# Regulation of substrate metabolism in skeletal muscle by mitochondrial thioesterases

> **NIH NIH R01** · THOMAS JEFFERSON UNIVERSITY · 2020 · $390,000

## Abstract

Abstract
Disturbed glucose homeostasis, particularly in skeletal muscle, is a fundamental contributor to type 2 diabetes.
Despite the known importance of lipid metabolism in regulating glucose metabolism, the role of mitochondria in
this regulation has been contentious. The objective here is to define the role of acyl-CoA thioesterase-2 (Acot2)
in skeletal muscle lipid and glucose metabolism. Acot2 resides within the mitochondrial matrix and hydrolyzes
long-chain fatty-acyl CoA. Its biological role is unknown. We hypothesize that Acot2 provides a safety valve to
limit the flow of long-chain fatty acyl-CoA into β-oxidation, thereby curbing the abundance of long-chain fatty
acyl-CoA and acetyl-CoA in the mitochondrial matrix. Acetyl-CoA accumulation within muscle mitochondria has
been linked to disturbed systemic glucose homeostasis and to a lesser ability to switch between glucose and
lipid oxidation (metabolic flexibility) in muscle. Thus, we also hypothesize that Acot2 in muscle promotes
substrate switching and contributes to glucose homeostasis. We base these hypotheses on Preliminary
Studies from our lab showing that Acot2 dampens β-oxidation and lipid-induced reactive oxygen species
production, enables better matching between β-oxidation and oxidative phosphorylation, and improves
metabolic flexibility at the level of mitochondria and glucose homeostasis systemically. We have also observed
that Acot2 is required for the full activity of carnitine acetyltransferase (CrAT) which was recently shown to be
required for normal substrate switching in muscle and systemic glucose homeostasis.

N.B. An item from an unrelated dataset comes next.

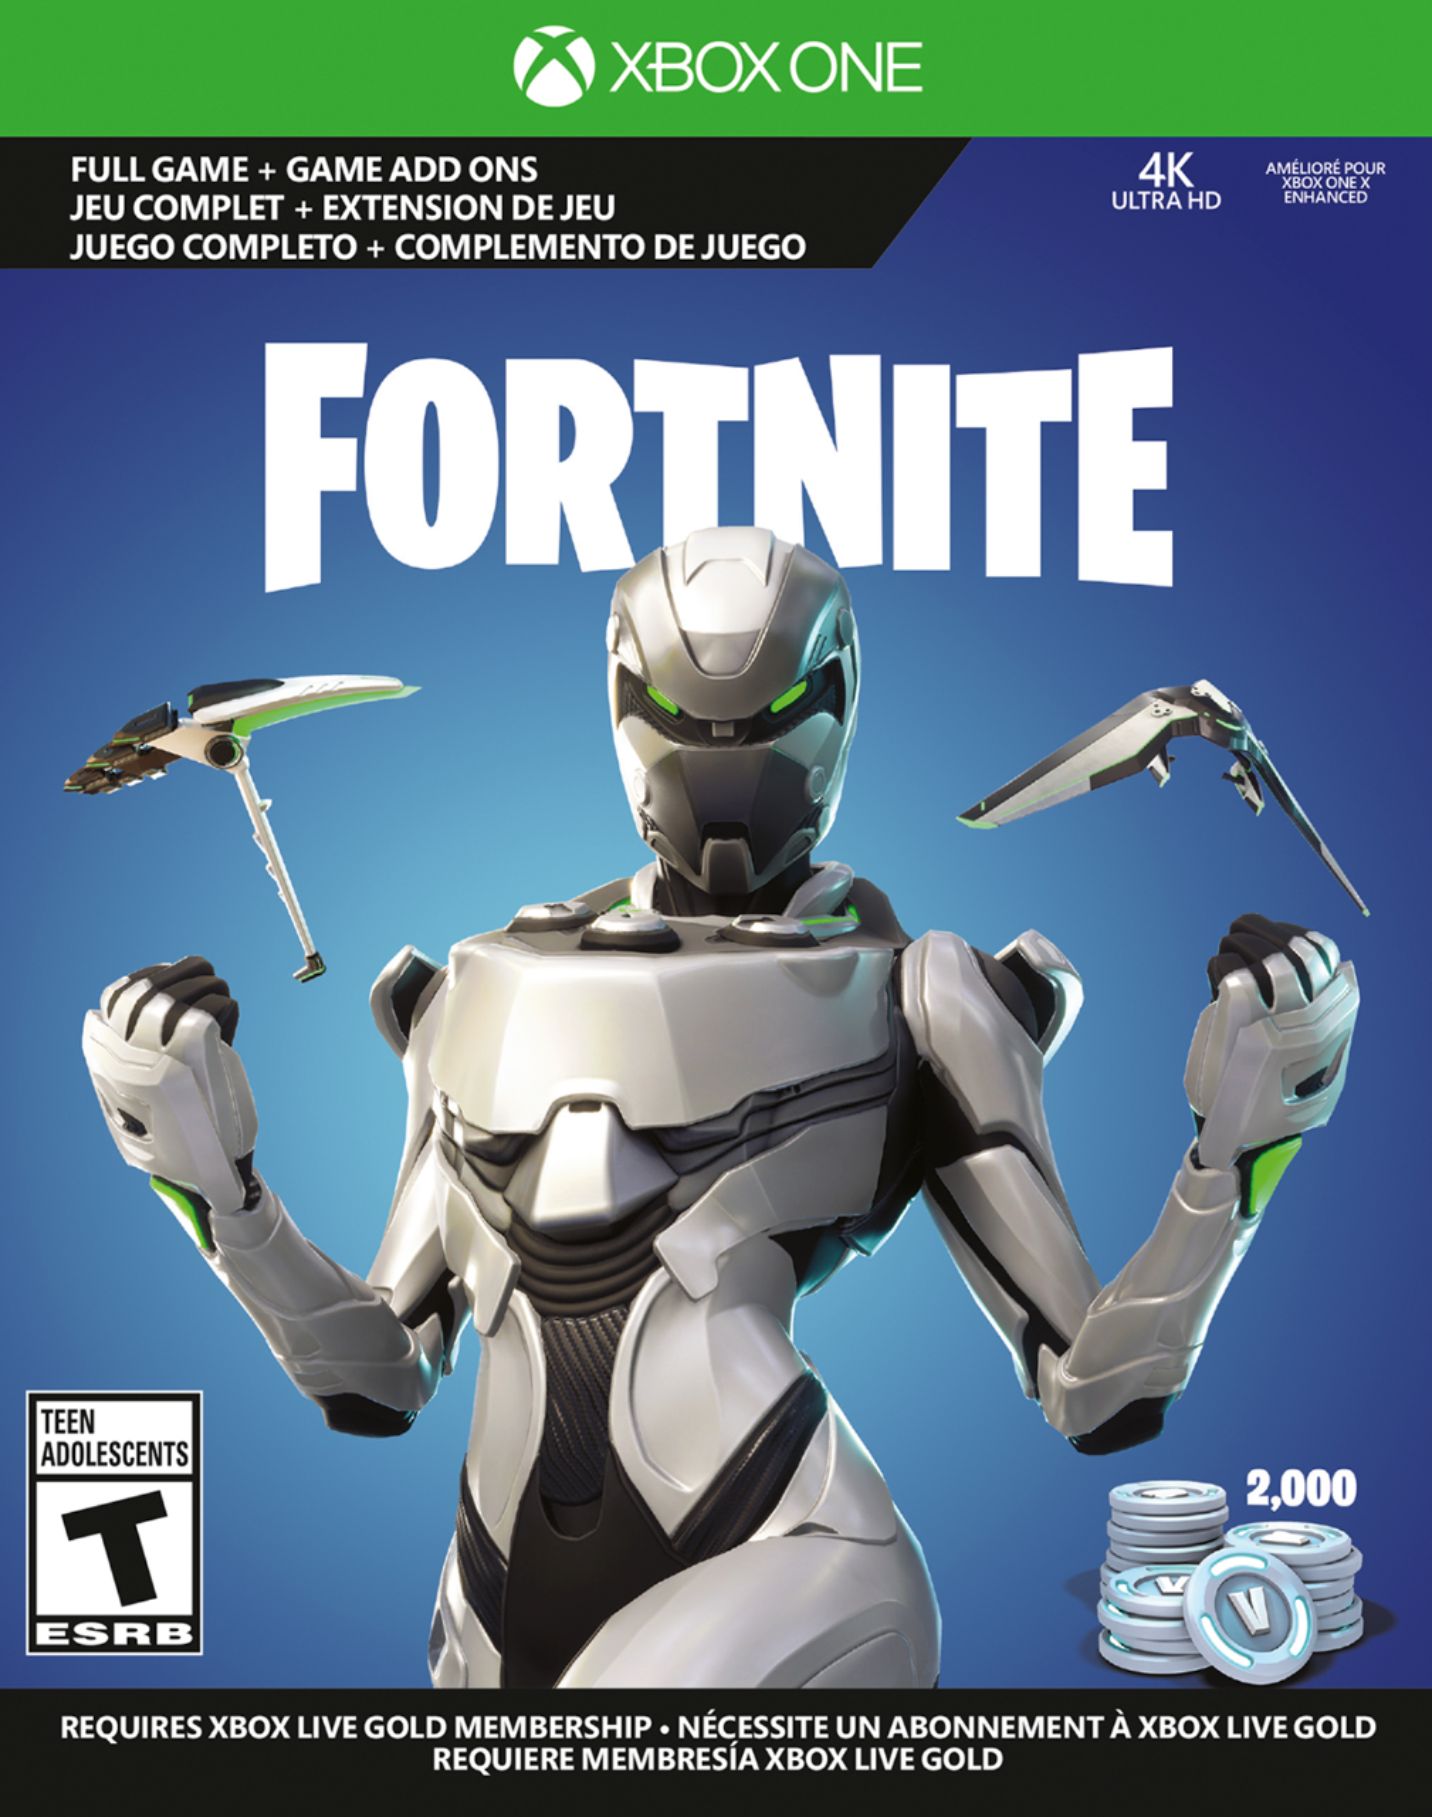 microsoft xbox one s 1tb fortnite bundle with 4k ultra hd blu ray 234 00703 best buy - can you get fortnite on xbox 360 for free

The rationale here is that
identifying the biological role of Acot2 will provide new insight into the mechanisms by which mitochondria
regulate skeletal muscle glucose disposal, and thus systemic glucose homeostasis. The hypothesis will be
tested in three specific aims to define how Acot2: 1) influences substrate metabolism and uncoupled
respiration in skeletal muscle mitochondria; 2) impacts glucose disposal and substrate switching in skeletal
muscle and whether Acot9 compensates for Acot2 absence; 3) determines redox state of the mitochondrial
matrix, and if perturbed mitochondrial redox influences glucose homeostasis when Acot2 is absent. Studies will
utilize a new Acot2 loss-of-function model and CrAT gain-of-function, and will integrate observations from
bioenergetics, radioisotope, metabolomics analyses and imaging experiments, on different muscle
preparations, with tissue and whole-body metabolism. These studies are innovative because they approach
skeletal muscle metabolism from an understudied pathway of mitochondrial long-chain fatty-acyl hydrolysis.
The significance of studying this pathway is indicated by our findings that this pathway can broadly influence
systemic glucose homeostasis.

## Key facts

- **NIH application ID:** 9951036
- **Project number:** 5R01DK109100-04
- **Recipient organization:** THOMAS JEFFERSON UNIVERSITY
- **Principal Investigator:** Erin Seifert
- **Activity code:** R01 (R01, R21, SBIR, etc.)
- **Funding institute:** NIH
- **Fiscal year:** 2020
- **Award amount:** $390,000
- **Award type:** 5
- **Project period:** 2017-07-01 → 2024-06-30

## Primary source

NIH RePORTER: https://reporter.nih.gov/project-details/9951036

## Citation

> US National Institutes of Health, RePORTER application 9951036, Regulation of substrate metabolism in skeletal muscle by mitochondrial thioesterases (5R01DK109100-04). Retrieved via AI Analytics 2026-05-24 from https://api.ai-analytics.org/grant/nih/9951036. Licensed CC0.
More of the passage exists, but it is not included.